В те моменты я действительно был болен. Лифт мгновенно поднял меня на пятый этаж, но карточка-ключ упорно четыре раза не желала открывать мне дверь номера, и все же я справился с задачей, после чего чувствовал себя немножко геоем.
Днем позже, к вечеру, когда мы вышли прогуляться, поесть где-нибудь, что-нибудь купить из еды, то же несчастье постигло и Наташу. Она оставила меня одного в супермаркете и со знакомой мне скоростью помчалась в гостиницу, успела, благо преодолевать ей было не столько, сколько мне днем раньше.
Все это меня расстроилo и даже разозлило: неужели богам мало одной моей больной ноги?

(Здесь будет рассказано о паре, которая orala друг на друга в супермаркете)

Первый день в Риге прошел прекрасно, хоть и безалаберно. Не имея карты, без ДжиПиЭс блуждали точно в потемках. Карта, позже купленная, мало помогала, местные обозначения улиц сбивали с толку. Телефон что-то чуточку подсказывал, но и у него вдруг закончилась энергия. Наташа в картах разбирается слабо, может с полчаса изведывать путь, я такой же, и все равно ее разгадывания приведут не туда. На все мои порекания следует один ответ: почему бы тебе самому не разобраться со всем этим? Но это нечестный ход: она сама выбрала поездку, использовала во всем свои гаджеты, город тщательно ихучала. Тогда как я занимался своими делами, за карту совсем не брался.

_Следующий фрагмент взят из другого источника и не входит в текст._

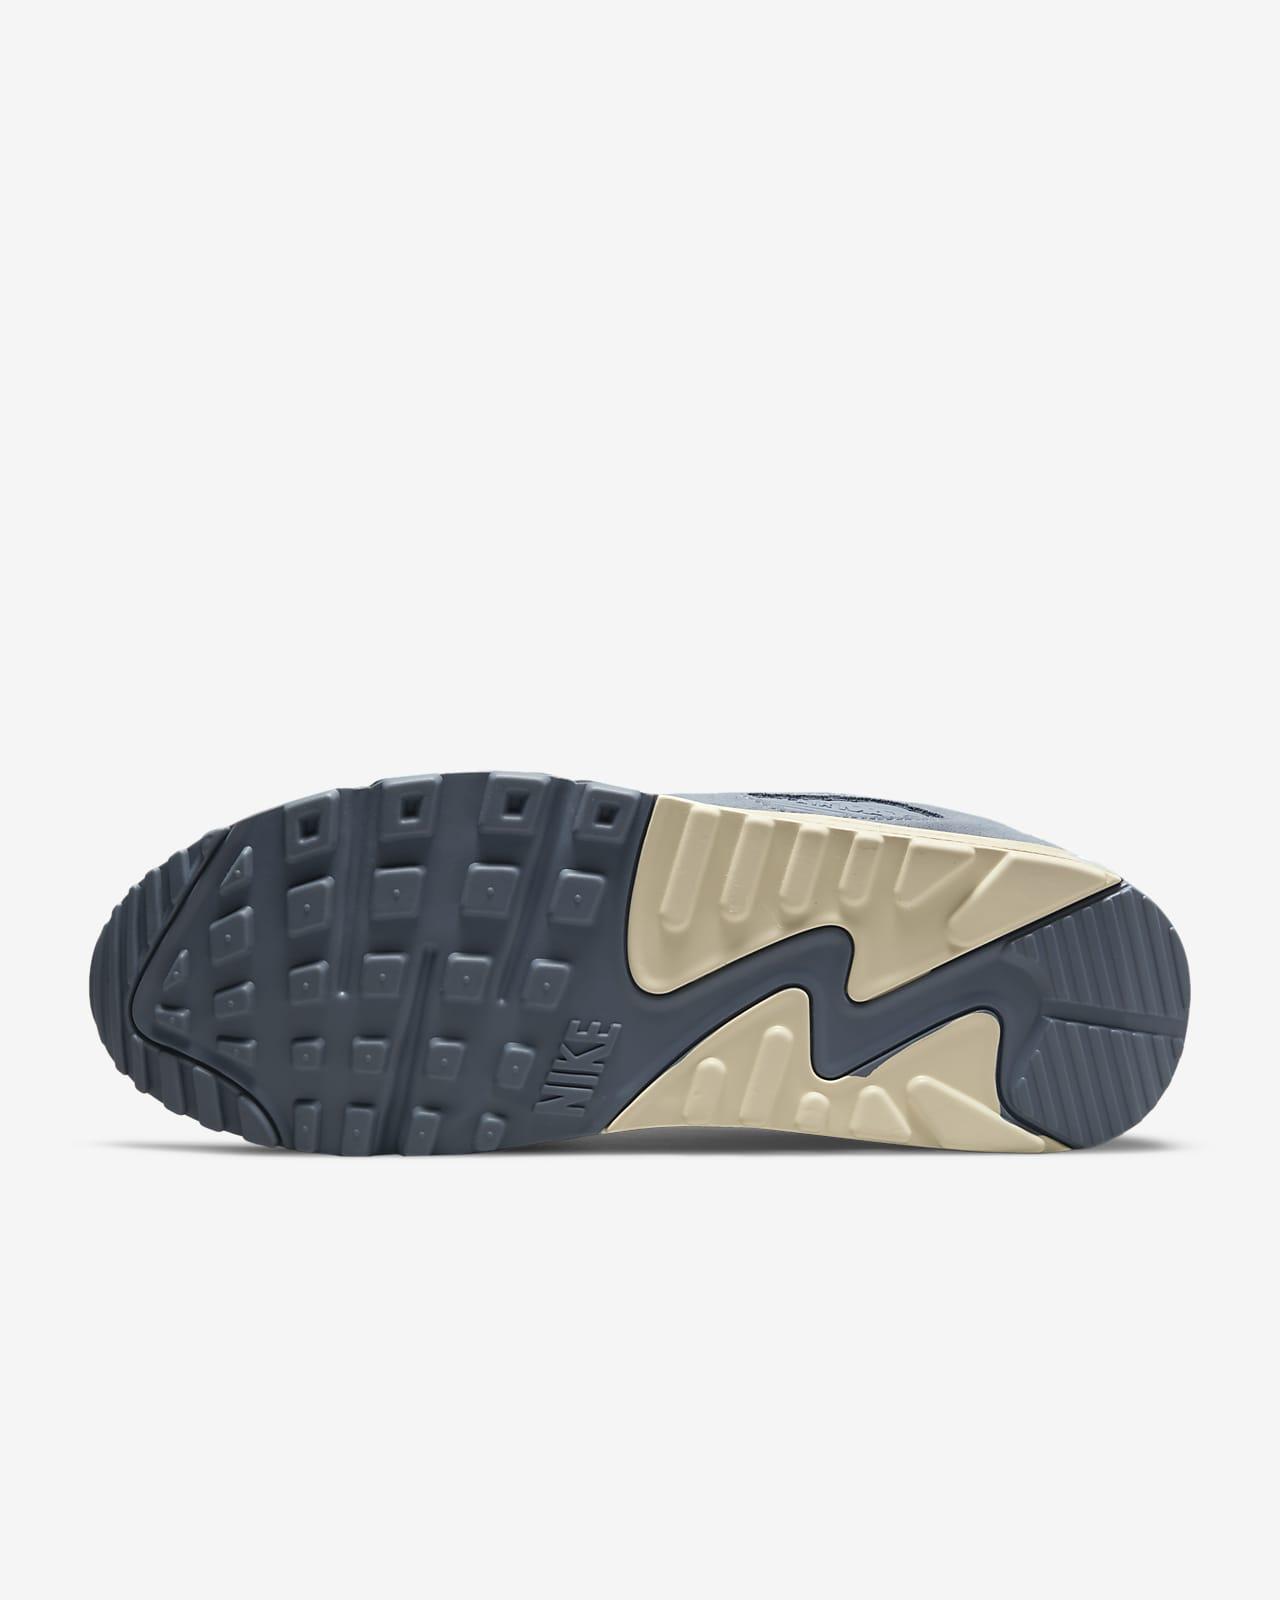 Nike Air Max 90 Premium Men's Shoes. Nike SA

Чтобы освободить Наташу от ее обязанностей, мне пришлось бы начать изучать город с нуля, должен был сложить в голове, точно паззлы, план города, дикая работа. Тогда как ей всего-навсего требовалось осмыссленно, разумно использовать уже накопленные знания о городе. Мой неотразимый аргумент перед самой поездкой был: эта поездка твоя, ты ее захотела, ее подготовила, тогда как от меня прозвучало лишь: ладно, поедем. И как назло, неожиданно заболела правая нога, каждый шаг начал отзываться болью; появился рассчет: как добраться до дому (отеля) с меньшей болью, с меньшим количeством шагов, нежели о том, как правильно дойти.

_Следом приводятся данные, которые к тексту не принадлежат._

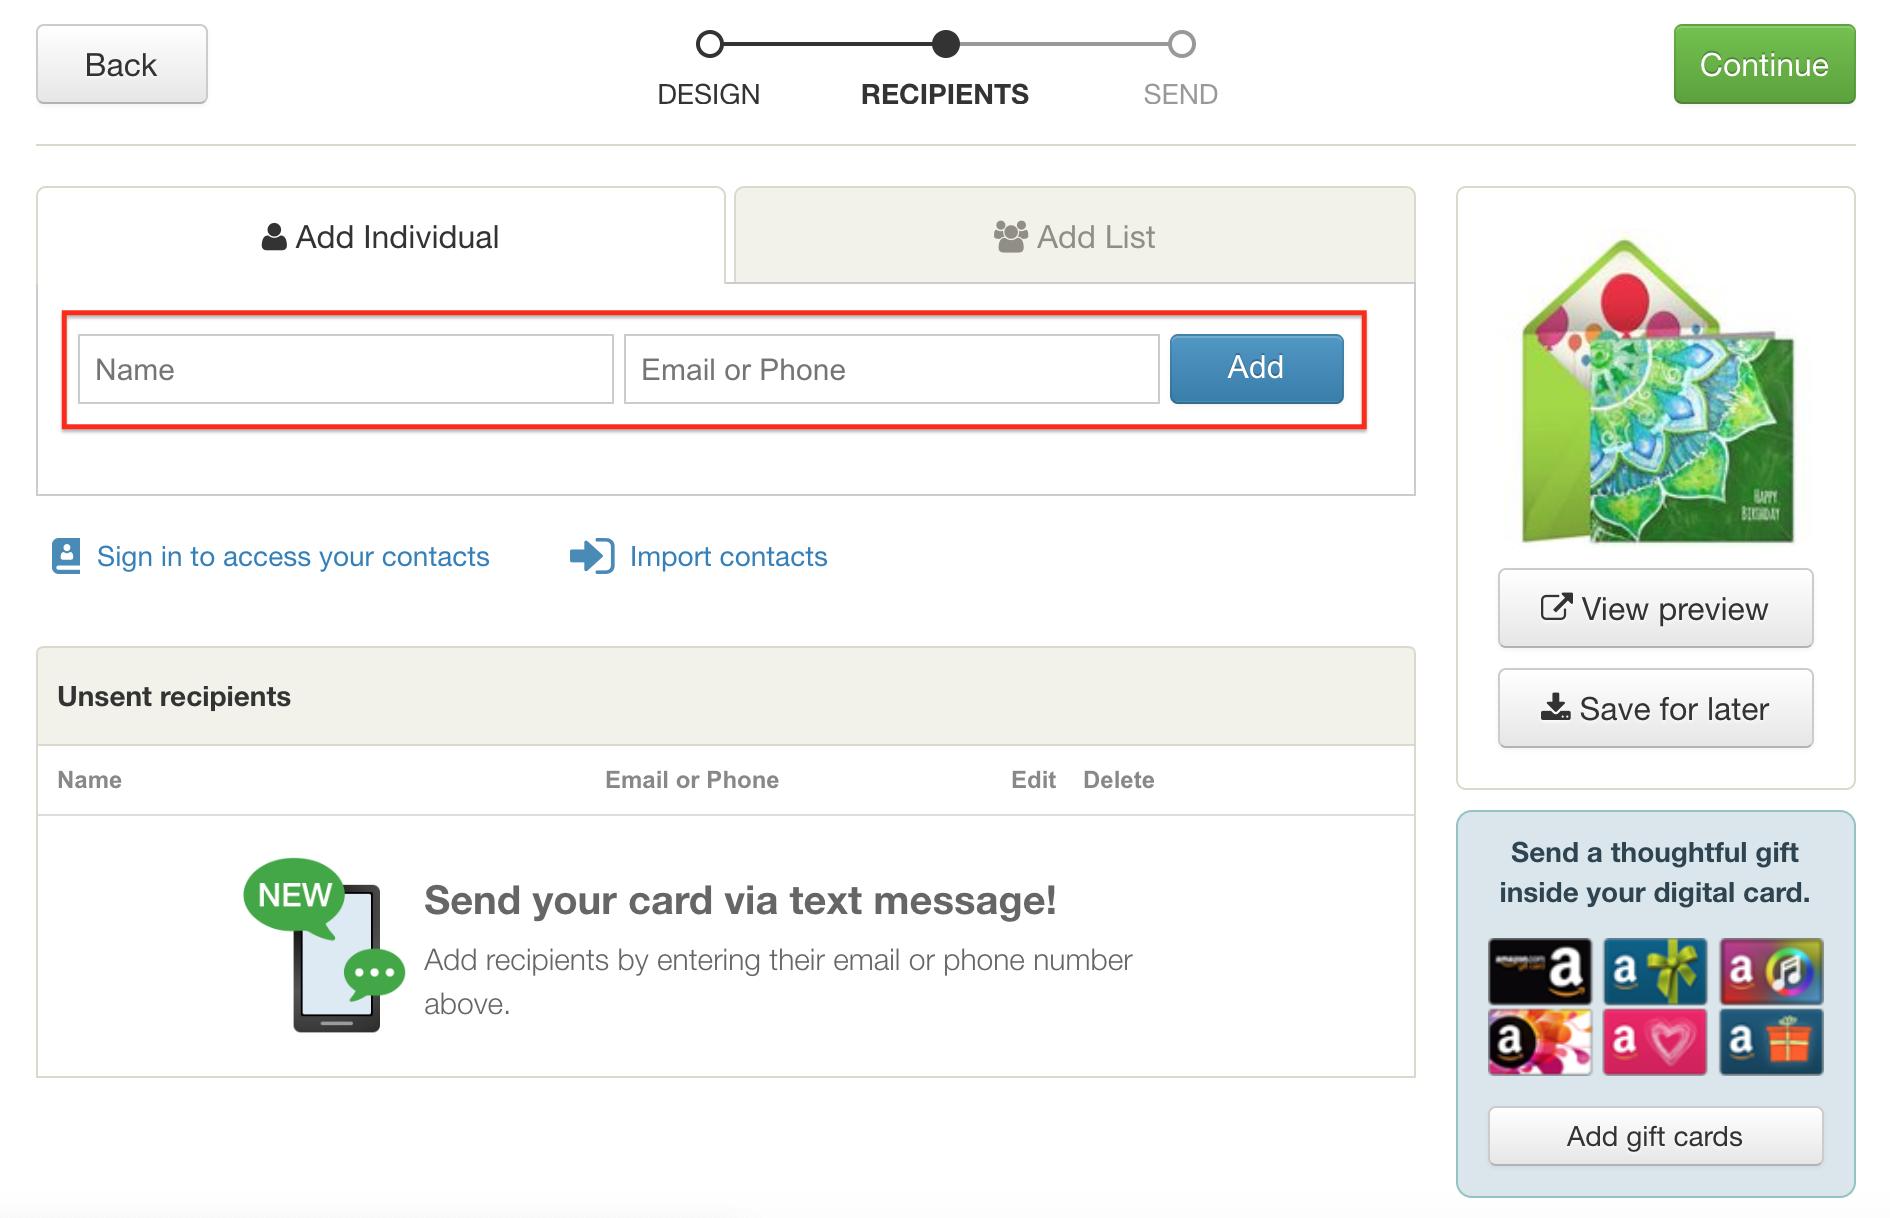 Can I Send A Digital Card Through Text Message

К тому же, я, по природе своей, довольно хищная тварь, в крических обстоятельствах мои чувства обостряются, неожиданно я знаю дорогу, могу даже повести за собой, но на этот раз мои хищнические способности полностью отсутствовали.
В отеле девушка-женщина Настенька поинтересовалась у Наташи: мужчина, что с вами, он болен? Он сильно хромает, я это заметила. Вопрос вполне естественный, потому что у Наташи есть свойство по щелчку делать всех своими друзьями-подругами. Барьеры разом исчезают, незаметно смываются, и становится естественным задавать друг другу любые, даже самые глупейшие вопросы. Оттого и такой ворос по поводу моего здоровья. Да, отвечает Наташа, в эту поездку у него болит нога, как и при поездке в Берлин, При поездке в Будапешт у него болел правый бок. У него к тому хе волдыри на лице, на руках экзема, он всего этого стесняется, но духом не падает.
С экземой на руках и прыщах на лбу одна история, пусть и загадочная, но вполне обьяснимая, пусть даже обьяснимая. Врач-кожник приписала все это загадочной болезни, которая чаще всего поражает мужчин после сорока. Когда я выслушал ее обьяснения, то понял, что она не больше меня знает о том, что со мной происходит. К самому путешествию это не имеет никакого отношения, но сосем недавно Наташа работала в том же отделении, в котором когда-то - а точнее, 7 лет назад - лежал я. Теперь же на моем месте лежала заброшенная всеми старушка, а в соседней палате мужчина, который все время охал. О нем история в другом тексте, а здесь всего лишь замечу, что руки у него были покрыты такими же экземами, что и у меня, а лицо обезображено прыщами. Так что я не динственный подобный экземпляр на белом свете.
Если экземы и волдыри еще как-то можно обьяснить врачебным экспериментом, когда-то проведенным надо мной и побочным следствием лекарст - все как с этим мужчиной. Но как тогда обьяснить проблемы справым боком, которые начались у меня в день отьезда в Будапешт и закончлись ровно по прибытию домой, в Копенгаген. Их сняло точно по мановению волшебной палочки, тогда как в Будапеште я не мог ни сесть, ни встать, даже легкое хождение доставляло боль. При поездке в Берлин у меня начала ныть правая нога, каждый шаг давался с трудом, а по прибытию в Данию боль вдруг волшебным образом исчезла. А вот при поездке в Ригу нога начала ныть уже за несько дней. И здесь хе, при много километровых пеших походах, боль стала почти постоянной.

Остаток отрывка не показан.